The cliché is that everyone in IT hates incidents, and the natural reaction when assembling incident response metrics is to look for numbers that you can lower over time. Fewer incidents and shorter incident response times must be better, we think. You might already be familiar with the common metrics associated with these goals, including mean time-to-resolution (MTTR) and total incident count.
As it turns out, however, these metrics actually work against your company’s resilience goals. To understand why, let’s look at the industry that birthed most of our modern incident management practices and has learned the most about how to properly apply them: the airline industry.
What the Airlines Can Teach Us
From the 1950s to the 1990s, the airline industry built and refined best practices for incident management that we have since simplified and that have been widely adopted across the tech industry. What’s often termed “modern incident management” simply means the predictable and repeatable approach to handling unexpected disasters and the learnings-driven remediation steps that are prized when building a DevOps or SRE practice.
One of the most important findings to come out of this research is the somewhat surprising fact that incidents weren’t being declared often enough. Instead, incident reports were created and the carefully assembled response and cataloging process was only followed after catastrophic events, which meant earlier opportunities to catch the underlying problem during a less severe incident were being missed.

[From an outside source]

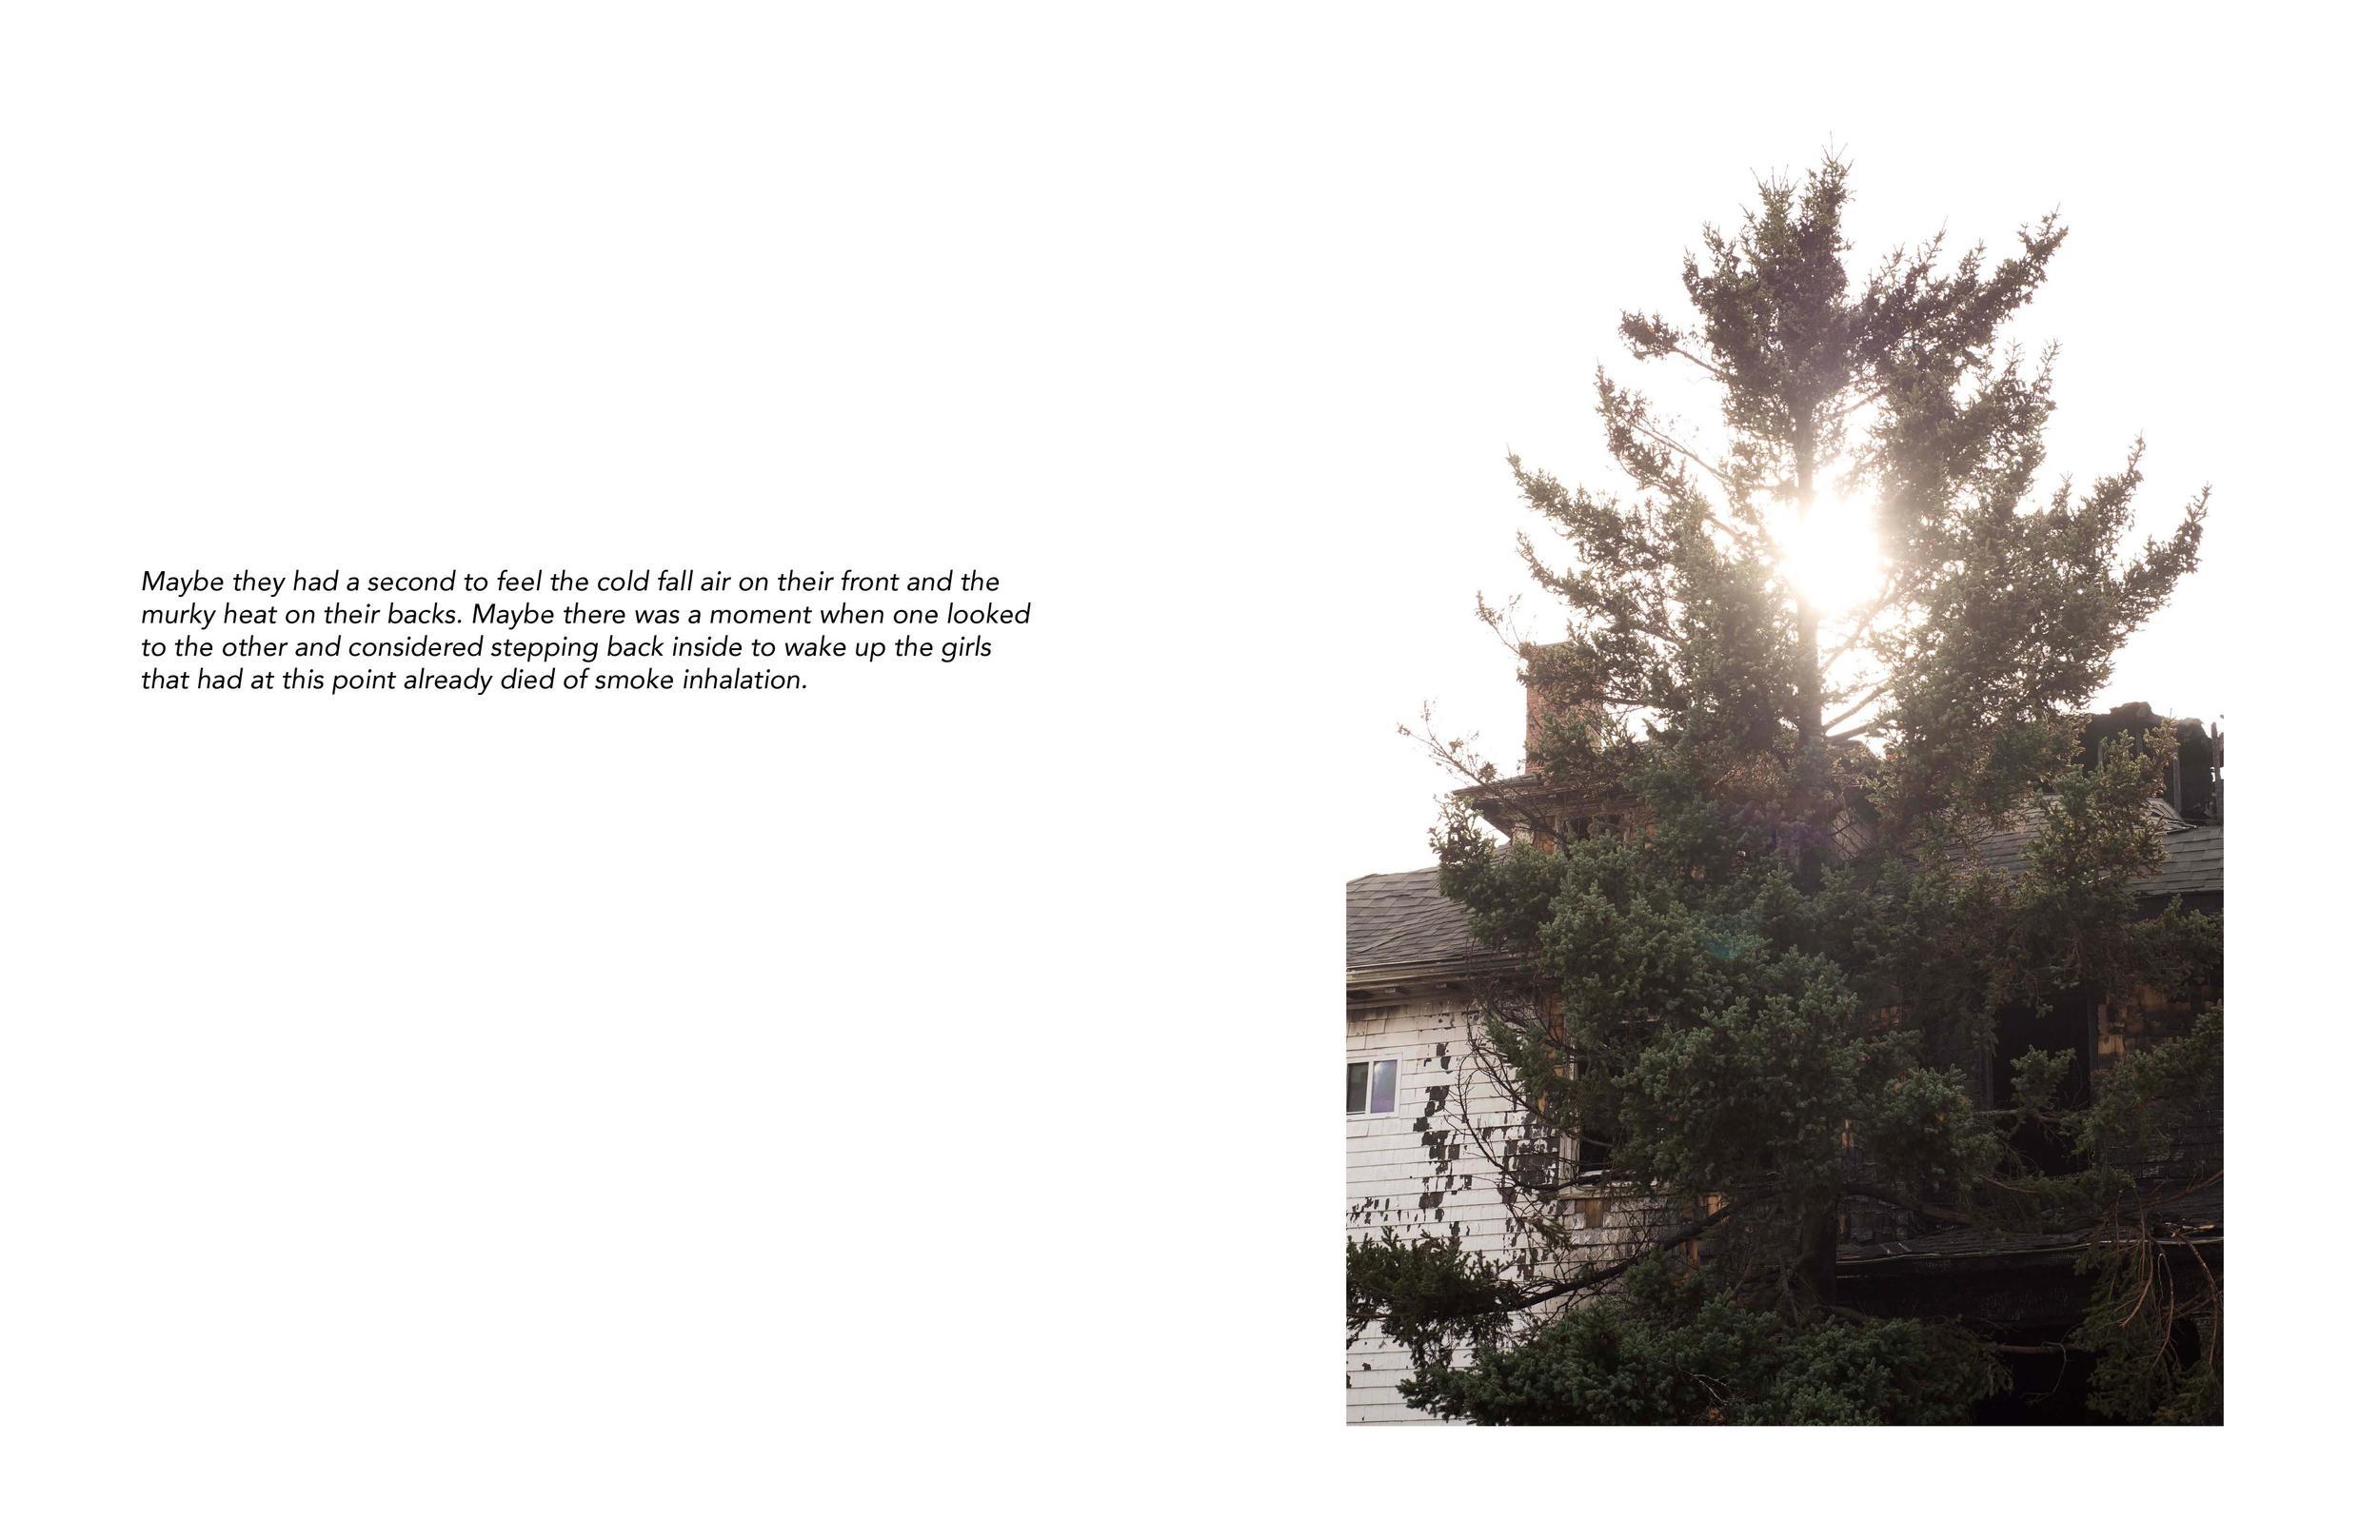 Vivian Ewing_Dry Grass Crackling-page-009.jpg

So why did an industry with such incredibly high stakes take so long to realize that more incidents were actually a good thing? You guessed it: a misguided desire to decrease the incident count. In chasing this goal of “lowering the number,” pilots and mechanics were often reluctant to file incident reports for anything less than the most critical situations, which meant the powerful, learnings-focused response and remediation process was only triggered in response to relatively rare and critical situations.
This is a textbook example of Goodhart’s Law in action. To paraphrase, Charles Goodhart posited that any metric created will ultimately become the goal. In other words, if the incentives are aligned to reduce incidents, no matter how good your response and learning process is, it will only be executed in the most dire and unavoidable circumstances. After discovering this, the industry rapidly moved their focus towards expanding the use of the incident process by working to expand the spectrum of situations that could be classified as incidents with the goal of triggering the formal incident response process more often, distributing learnings for more incidents of lower relative severity and, yes, ultimately resetting the goal to increase the number of incidents.
This approach effectively turned Goodhart’s Law to the airlines’ advantage—any effort to game the metric(s) meant more learning, not less. Filing incidents became directly and heavily incentivized and these metrics were never used as a justification for punitive action. This resulted in the safest decade of commercial aviation on record, with over 12 billion passengers traveling and no fatal accidents.
What IT Can Learn About Successful Incident Response
As technology companies, there is much for us to learn from this exercise in achieving resilience versus chasing “lower numbers.” The primary learning is this: increasing your incident count by incentivizing the use of your incident management process for more non-critical incidents—likely your SEV2s and below—and focusing your metrics and incentives on that goal, is likely the best way to reduce your overall count of catastrophic failures.
For most companies, this means putting MTTR on the back burner and instead focusing on making the incident process itself more accessible throughout your company and across your organizations. It means leaders should talk about impactful and recent postmortems publicly and that postmortem distribution should be a priority; it should also be something that’s measured. Most importantly, it means opening up the incident management process more widely. Ideally, everyone at your company should have access to systems that allow them to file incidents, read incidents in progress and review postmortems from previous incidents.
I like to reference the “big red button” philosophy of factory floors, where the decision-making power to declare an incident is in the hands of every employee. An unsafe situation shouldn’t be up for discussion, debate or approval before being acted on, even if the situation is later determined to be less severe than originally thought. The context of why that incident was filed—why that big red button was pressed—may prevent larger, more catastrophic failures in the future.
So if you’re just getting started building out an incident management practice at your company, or you’ve been chasing MTTR metrics and focusing on pushing your incident count down as a primary goal, consider taking these learnings to heart and creating a positive incident culture with positive metrics meant to encourage and reward incident responders and reporters. Your company’s future depends on it.